For the rest of the day he stopped at the homes of some of Seth’s old friends, the ones he used to hang around with before his mother died, before he withdrew into the lonely world of himself. No one had seen Seth or Tucker. Jack drove back to town and stopped to inquire in every single store. Same news. He went home twice, each time greeted by the yellow note he had taped to the door.
By the time someone called from the State Trooper’s office, it was already evening. Jack told the officer how no one had seen his son since the day before they left to go fishing. The officer agreed that it was time to begin a search. Because their airplane was down, awaiting a new alternator, which would arrive in the morning, he promised to start as soon as the part was installed.
That night was the second longest night of Jack’s life—the other being the night his wife died. He couldn’t sleep. Instead, he sat at the dining table looking through photo albums, listening for the telephone or the sound of the front door opening.
Some nights seem to last forever.
• • • • •
Bright and early the next morning, a small white and blue-pinstriped Citabria lifted from the runway, banking almost immediately, making the turn westward to follow the coast.

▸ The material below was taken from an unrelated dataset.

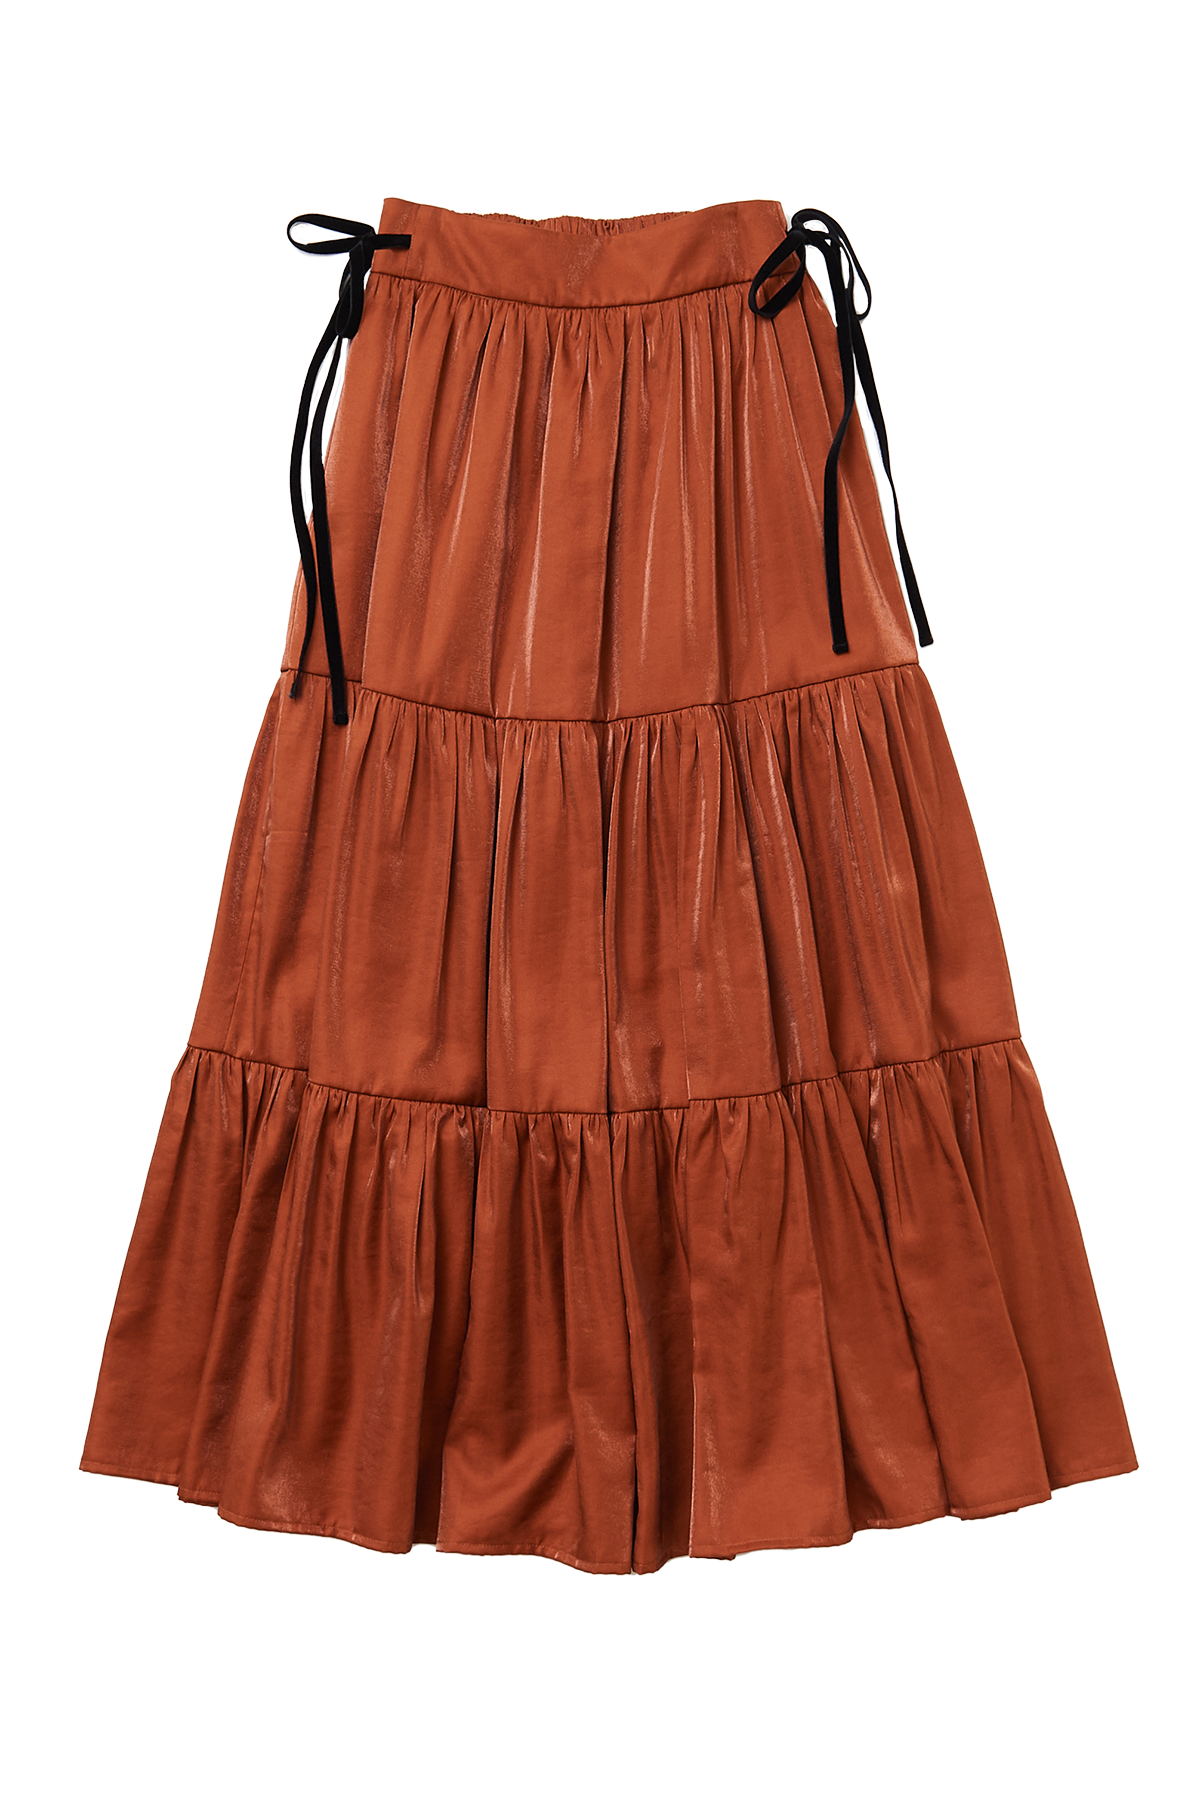 Velvet Ribbon Sparkling Skirt / Orange

Turbulence rattled the aircraft.
‘You have any idea where he might have fallen overboard, Jack?’ asked the pilot, Leo Walsh, speaking through the microphone on his green headset, which sounded tinny. It was too loud inside the small prop plane to hear without headphones. Like Jack, Leo had grown up in the town. His friends called him Lee. His father had also been a fisherman and a pilot. Lee and Jack had gone to school together, though Jack was a year older. They had even gone bear hunting together. Lee was a big man, six foot one or two, almost too large for the tight cockpit.
‘No. I was up in the pilot house driving all night,’ replied the anxious father. ‘Could be anywhere.’